- TRY IT
Would you write out the whole listing below exactly as given?

- DATA PROVIDED
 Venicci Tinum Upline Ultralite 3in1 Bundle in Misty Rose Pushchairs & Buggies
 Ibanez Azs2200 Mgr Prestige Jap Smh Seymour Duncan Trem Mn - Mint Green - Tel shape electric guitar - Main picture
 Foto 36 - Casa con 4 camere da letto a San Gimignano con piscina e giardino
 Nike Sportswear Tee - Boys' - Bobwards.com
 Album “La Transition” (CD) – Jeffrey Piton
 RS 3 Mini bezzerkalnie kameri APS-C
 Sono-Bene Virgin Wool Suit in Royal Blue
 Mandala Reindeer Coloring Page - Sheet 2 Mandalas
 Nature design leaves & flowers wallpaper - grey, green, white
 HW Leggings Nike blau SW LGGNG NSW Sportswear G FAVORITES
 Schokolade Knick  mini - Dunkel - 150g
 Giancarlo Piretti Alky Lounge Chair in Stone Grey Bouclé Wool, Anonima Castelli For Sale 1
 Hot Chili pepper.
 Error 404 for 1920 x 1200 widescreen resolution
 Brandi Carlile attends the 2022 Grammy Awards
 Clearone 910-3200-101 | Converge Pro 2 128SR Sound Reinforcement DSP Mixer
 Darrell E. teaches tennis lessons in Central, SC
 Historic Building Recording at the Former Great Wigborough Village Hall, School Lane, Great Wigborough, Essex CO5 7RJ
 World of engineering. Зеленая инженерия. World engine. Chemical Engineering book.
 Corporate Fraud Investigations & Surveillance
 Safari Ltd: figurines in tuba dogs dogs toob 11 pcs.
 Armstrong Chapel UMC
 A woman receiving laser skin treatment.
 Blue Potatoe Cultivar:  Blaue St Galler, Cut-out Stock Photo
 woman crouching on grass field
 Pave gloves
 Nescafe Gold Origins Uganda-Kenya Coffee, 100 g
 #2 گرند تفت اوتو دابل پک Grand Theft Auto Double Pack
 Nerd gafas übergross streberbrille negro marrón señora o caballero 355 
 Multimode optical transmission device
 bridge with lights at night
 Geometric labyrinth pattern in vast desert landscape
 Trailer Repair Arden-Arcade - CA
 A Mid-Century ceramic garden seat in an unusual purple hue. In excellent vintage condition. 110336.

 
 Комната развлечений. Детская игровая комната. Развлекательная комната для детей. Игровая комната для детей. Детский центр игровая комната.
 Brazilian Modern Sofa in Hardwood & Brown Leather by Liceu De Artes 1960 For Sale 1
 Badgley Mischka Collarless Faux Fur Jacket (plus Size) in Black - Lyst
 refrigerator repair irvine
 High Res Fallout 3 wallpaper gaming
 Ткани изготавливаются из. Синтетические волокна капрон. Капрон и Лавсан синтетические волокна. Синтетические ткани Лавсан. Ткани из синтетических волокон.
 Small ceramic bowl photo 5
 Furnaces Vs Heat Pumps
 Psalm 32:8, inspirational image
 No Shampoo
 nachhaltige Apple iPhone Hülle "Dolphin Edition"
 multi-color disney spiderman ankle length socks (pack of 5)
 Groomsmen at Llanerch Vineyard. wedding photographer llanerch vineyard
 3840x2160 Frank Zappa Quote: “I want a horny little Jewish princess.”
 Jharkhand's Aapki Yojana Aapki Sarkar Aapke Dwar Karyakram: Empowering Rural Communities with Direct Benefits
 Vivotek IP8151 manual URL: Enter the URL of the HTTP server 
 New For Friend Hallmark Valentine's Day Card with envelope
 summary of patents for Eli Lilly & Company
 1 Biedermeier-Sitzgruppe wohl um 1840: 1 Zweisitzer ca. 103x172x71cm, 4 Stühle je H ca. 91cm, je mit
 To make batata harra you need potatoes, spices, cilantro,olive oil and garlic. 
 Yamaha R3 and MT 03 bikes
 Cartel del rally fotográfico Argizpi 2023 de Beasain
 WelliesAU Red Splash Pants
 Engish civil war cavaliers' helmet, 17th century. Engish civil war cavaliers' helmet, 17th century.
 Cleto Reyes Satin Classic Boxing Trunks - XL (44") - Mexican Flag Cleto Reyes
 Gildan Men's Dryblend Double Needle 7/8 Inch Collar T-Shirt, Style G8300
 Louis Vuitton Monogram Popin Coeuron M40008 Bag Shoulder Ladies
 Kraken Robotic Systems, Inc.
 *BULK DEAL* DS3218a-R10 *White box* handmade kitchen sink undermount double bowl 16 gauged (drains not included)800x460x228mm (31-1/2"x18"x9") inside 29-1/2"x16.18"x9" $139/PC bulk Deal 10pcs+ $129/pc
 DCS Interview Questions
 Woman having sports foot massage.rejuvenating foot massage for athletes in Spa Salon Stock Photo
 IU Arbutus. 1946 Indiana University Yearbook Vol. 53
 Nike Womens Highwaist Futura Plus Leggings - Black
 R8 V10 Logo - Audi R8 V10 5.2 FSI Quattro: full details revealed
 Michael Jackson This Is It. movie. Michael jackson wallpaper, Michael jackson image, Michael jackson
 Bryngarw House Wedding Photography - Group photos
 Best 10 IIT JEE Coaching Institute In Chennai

- TASK RESULT
 Venicci Tinum Upline Ultralite 3in1 Bundle in Misty Rose Pushchairs & Buggies
 Ibanez Azs2200 Mgr Prestige Jap Smh Seymour Duncan Trem Mn - Mint Green - Tel shape electric guitar - Main picture
 Foto 36 - Casa con 4 camere da letto a San Gimignano con piscina e giardino
 Nike Sportswear Tee - Boys' - Bobwards.com
 Album “La Transition” (CD) – Jeffrey Piton
 RS 3 Mini bezzerkalnie kameri APS-C
 Sono-Bene Virgin Wool Suit in Royal Blue
 Mandala Reindeer Coloring Page - Sheet 2 Mandalas
 Nature design leaves & flowers wallpaper - grey, green, white
 HW Leggings Nike blau SW LGGNG NSW Sportswear G FAVORITES
 Schokolade Knick  mini - Dunkel - 150g
 Giancarlo Piretti Alky Lounge Chair in Stone Grey Bouclé Wool, Anonima Castelli For Sale 1
 Hot Chili pepper.
 Error 404 for 1920 x 1200 widescreen resolution
 Brandi Carlile attends the 2022 Grammy Awards
 Clearone 910-3200-101 | Converge Pro 2 128SR Sound Reinforcement DSP Mixer
 Darrell E. teaches tennis lessons in Central, SC
 Historic Building Recording at the Former Great Wigborough Village Hall, School Lane, Great Wigborough, Essex CO5 7RJ
 World of engineering. Зеленая инженерия. World engine. Chemical Engineering book.
 Corporate Fraud Investigations & Surveillance
 Safari Ltd: figurines in tuba dogs dogs toob 11 pcs.
 Armstrong Chapel UMC
 A woman receiving laser skin treatment.
 Blue Potatoe Cultivar:  Blaue St Galler, Cut-out Stock Photo
 woman crouching on grass field
 Pave gloves
 Nescafe Gold Origins Uganda-Kenya Coffee, 100 g
 #2 گرند تفت اوتو دابل پک Grand Theft Auto Double Pack
 Nerd gafas übergross streberbrille negro marrón señora o caballero 355 
 Multimode optical transmission device
 bridge with lights at night
 Geometric labyrinth pattern in vast desert landscape
 Trailer Repair Arden-Arcade - CA
 A Mid-Century ceramic garden seat in an unusual purple hue. In excellent vintage condition. 110336.

 
 Комната развлечений. Детская игровая комната. Развлекательная комната для детей. Игровая комната для детей. Детский центр игровая комната.
 Brazilian Modern Sofa in Hardwood & Brown Leather by Liceu De Artes 1960 For Sale 1
 Badgley Mischka Collarless Faux Fur Jacket (plus Size) in Black - Lyst
 refrigerator repair irvine
 High Res Fallout 3 wallpaper gaming
 Ткани изготавливаются из. Синтетические волокна капрон. Капрон и Лавсан синтетические волокна. Синтетические ткани Лавсан. Ткани из синтетических волокон.
 Small ceramic bowl photo 5
 Furnaces Vs Heat Pumps
 Psalm 32:8, inspirational image
 No Shampoo
 nachhaltige Apple iPhone Hülle "Dolphin Edition"
 multi-color disney spiderman ankle length socks (pack of 5)
 Groomsmen at Llanerch Vineyard. wedding photographer llanerch vineyard
 3840x2160 Frank Zappa Quote: “I want a horny little Jewish princess.”
 Jharkhand's Aapki Yojana Aapki Sarkar Aapke Dwar Karyakram: Empowering Rural Communities with Direct Benefits
 Vivotek IP8151 manual URL: Enter the URL of the HTTP server 
 New For Friend Hallmark Valentine's Day Card with envelope
 summary of patents for Eli Lilly & Company
 1 Biedermeier-Sitzgruppe wohl um 1840: 1 Zweisitzer ca. 103x172x71cm, 4 Stühle je H ca. 91cm, je mit
 To make batata harra you need potatoes, spices, cilantro,olive oil and garlic. 
 Yamaha R3 and MT 03 bikes
 Cartel del rally fotográfico Argizpi 2023 de Beasain
 WelliesAU Red Splash Pants
 Engish civil war cavaliers' helmet, 17th century. Engish civil war cavaliers' helmet, 17th century.
 Cleto Reyes Satin Classic Boxing Trunks - XL (44") - Mexican Flag Cleto Reyes
 Gildan Men's Dryblend Double Needle 7/8 Inch Collar T-Shirt, Style G8300
 Louis Vuitton Monogram Popin Coeuron M40008 Bag Shoulder Ladies
 Kraken Robotic Systems, Inc.
 *BULK DEAL* DS3218a-R10 *White box* handmade kitchen sink undermount double bowl 16 gauged (drains not included)800x460x228mm (31-1/2"x18"x9") inside 29-1/2"x16.18"x9" $139/PC bulk Deal 10pcs+ $129/pc
 DCS Interview Questions
 Woman having sports foot massage.rejuvenating foot massage for athletes in Spa Salon Stock Photo
 IU Arbutus. 1946 Indiana University Yearbook Vol. 53
 Nike Womens Highwaist Futura Plus Leggings - Black
 R8 V10 Logo - Audi R8 V10 5.2 FSI Quattro: full details revealed
 Michael Jackson This Is It. movie. Michael jackson wallpaper, Michael jackson image, Michael jackson
 Bryngarw House Wedding Photography - Group photos
 Best 10 IIT JEE Coaching Institute In Chennai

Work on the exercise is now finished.